Ну, будет, накричалась... теперь говори своим голо­сом.

Однажды Петр Великий, интересуясь знать общест­венное мнение о новой столице, спросил Балакирева, какая молва народная ходит про новорожденный Петербург.

Батюшка, царь-государь! - отвечал любимый шут. - С одной стороны море, с другой - горе, с третьей - мох, а с четвертой - ох!

Он помогал Петру I брить бороды боярам, стал королем, побывал в ссылке. Ян Лакоста, потомок испанских евреев, очень нравился русскому царю и очень не нравился его придворным. Ведь мало кто умел так зло и остроумно высмеять каждого из них.

Откуда взялся при петровском дворе Лакоста, доподлинно неизвестно. Появился он там, будучи человеком уже почтенным, отцом семейства с женой и детьми. К моменту судьбоносного знакомства с Петром I наш герой уже объездил всю Европу, но нигде надолго не задержался. Оказался в Гамбурге, где открыл маклерскую контору, но прогорел. Что делать дальше, Лакоста не знал. А тут как раз в город приехал русский царь, который, по слухам, весьма ценил ум и талант. Лакосту представили Петру I.

По одной из версий, еврей придумал весьма остроумный повод для знакомства: решил предложить себя русскому царю в качестве советника по страхованию. Но просто так с царем не познакомишься - вот и воспользовался наш предприимчивый герой посредничеством русского посланника Антипа Гусакова. Вот только оба просителя понятия не имели, что в далекой России ни о каком страховании слыхом не слыхивали. И если Лакосте это было простительно, то Гусаков, конечно, серьезно осрамился. Петр I, посмеявшись, весьма по-разному оценил их старания: Гусакова лишил месячного жалования за пренебрежение отечественными реалиями, а Лакосту взял с собой в Россию.

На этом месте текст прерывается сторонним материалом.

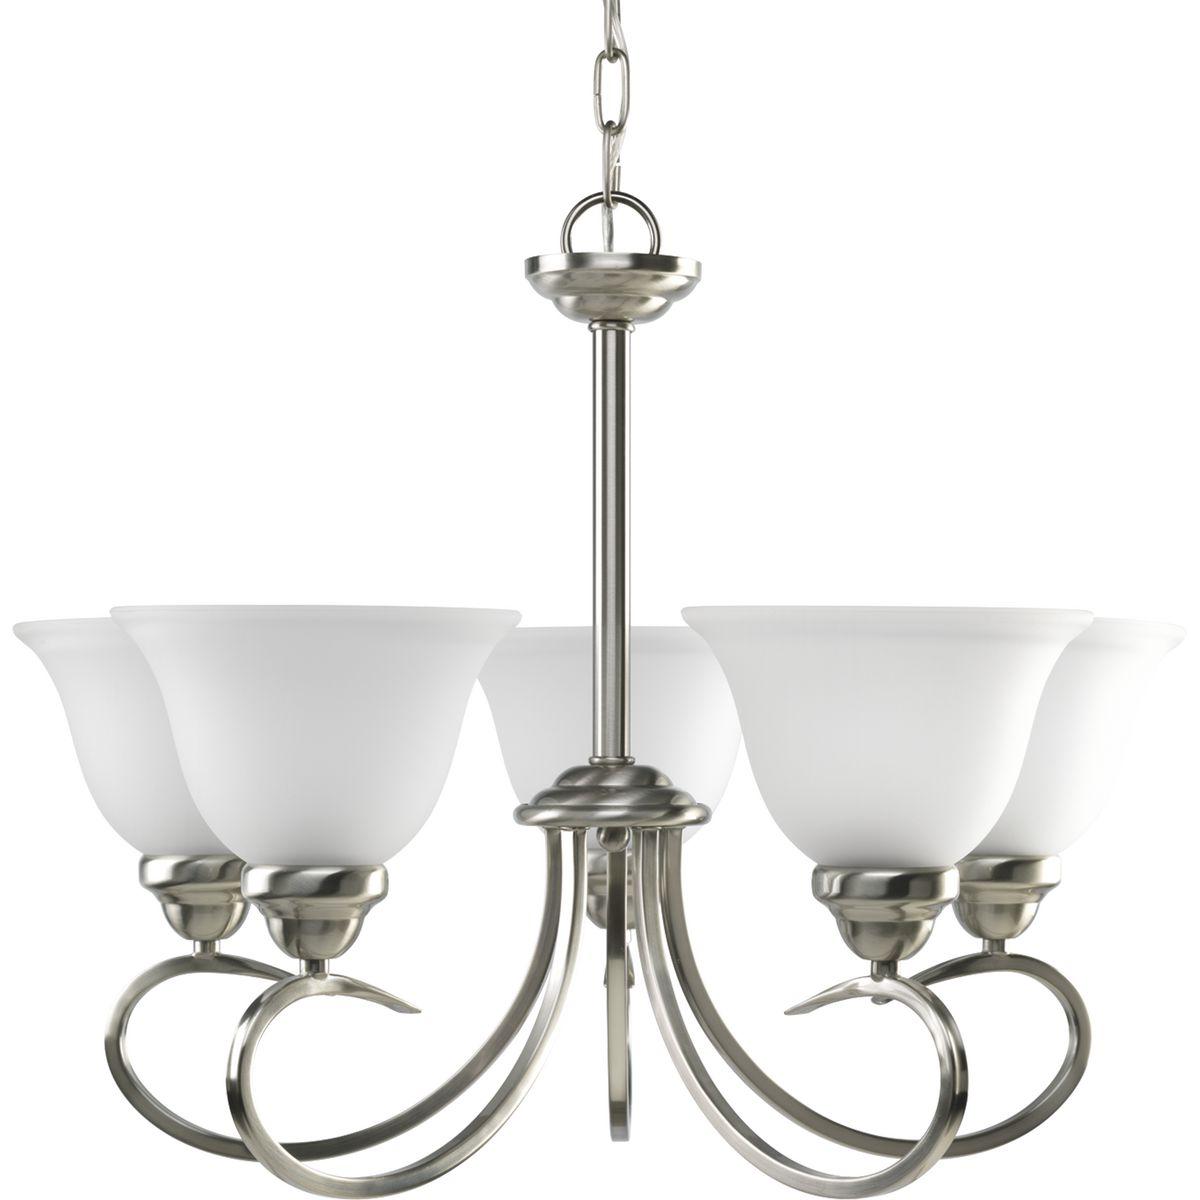 Hubbell HS41005-09 Featuring delicate scrolled metalwork and soft details, this casual five-light chandelier is perfect for many interiors. Slightly tapered etched glass shades are completed by a Brushed Nickel finish. This fixture is hung with the shades facing upwards onl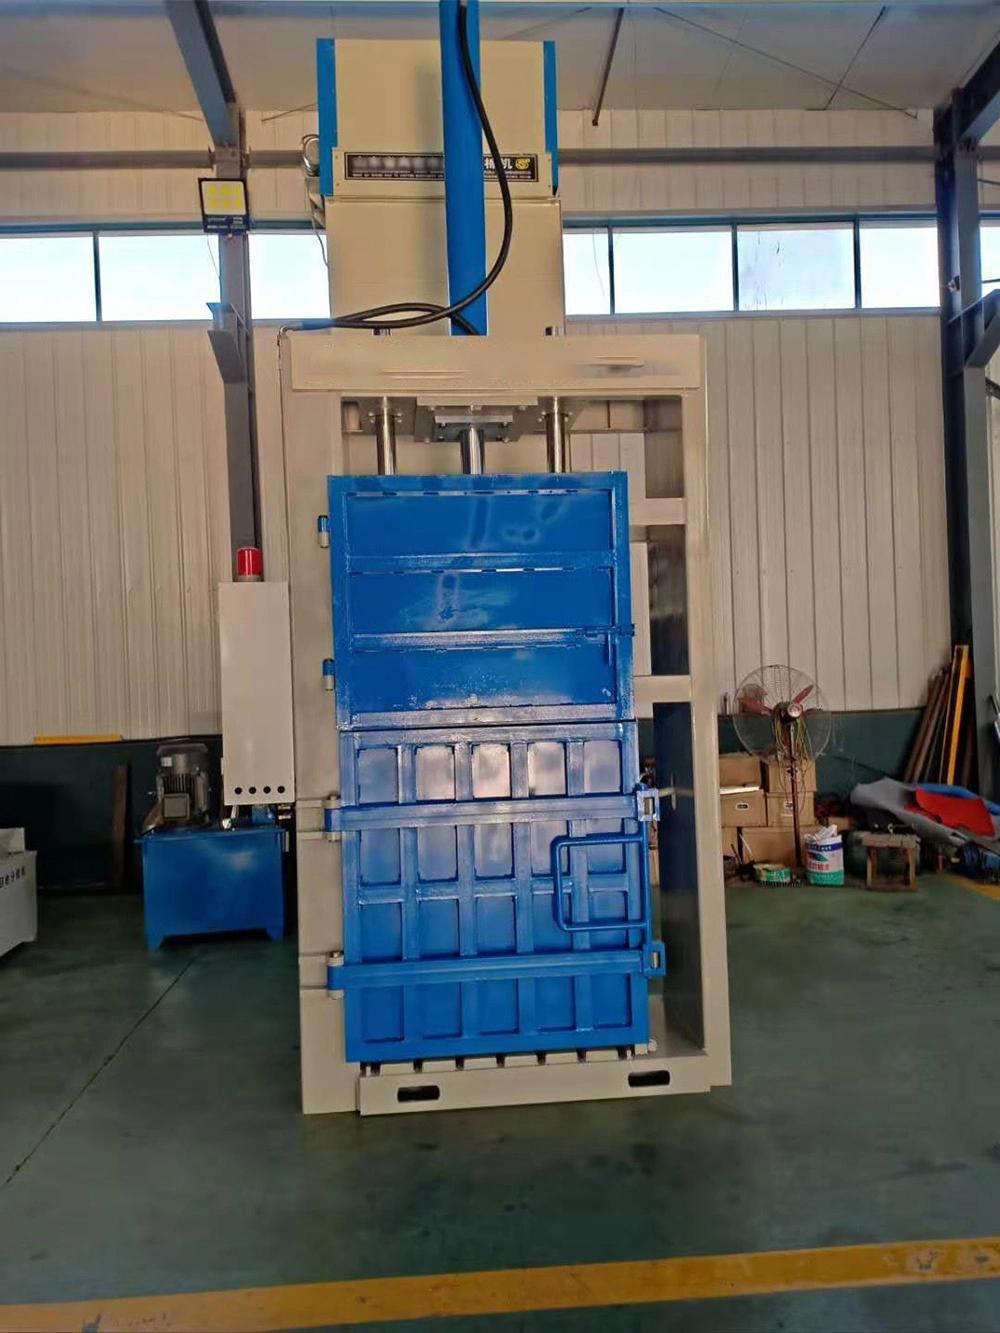 Best Selling Vertical U-Shaped Pressure Balance System Baler Hydraulic Press Waste Plastic Film Packaging Machine Factory Price Baler for Recycling Industry

Это, впрочем, только легенда, хотя и весьма остроумная. Более прозаическую версию знакомства Петра с его будущим любимцем приводит французский посол де Лави, который утверждает, что Лакоста прибыл к царю вместе с янтарным кабинетом - подарком от прусского короля. Образованность и острый ум посланника так понравились государю, что тот взял его вместе с женой и детьми с собой в Россию. Верить французу, впрочем, нелегко: в тех же записках он утверждает, что Лакосте было пятьдесят лет от роду. Тут надо понимать, что в те суровые времена мало кто доживал до сорокалетия.

И человека за сорок (да даже за тридцать) считали уже глубоким стариком. Есть и еще одна деталь в записках француза, которая ставит достоверность изложенных им фактов под сомнение. Он утверждает, что родители Лакосты были испанцами. Между тем, по другим свидетельствам, были они из марранов, а при дворе заморского гостя называли не иначе как «жид Лакоста». При остром языке шута такое прозвище вряд ли осталось бы без отповеди, если бы не соответствовало действительности.

Итак, в 1714 году Лакоста с женой и детьми садится на корабль, отплывающий из Пруссии в Россию.

Как не боишься ты садиться на корабль, зная, что твой отец, дед и прадед погибли в море? - спросил его провожавший семейство приятель.

А твои предки от чего умерли? - спросил Лакоста.

Преставились блаженною кончиною на своих постелях.

Так как же ты, друг мой, не боишься еженощно ложиться в постель? - улыбнулся Лакоста и отправился в далекое плавание к своей новой родине.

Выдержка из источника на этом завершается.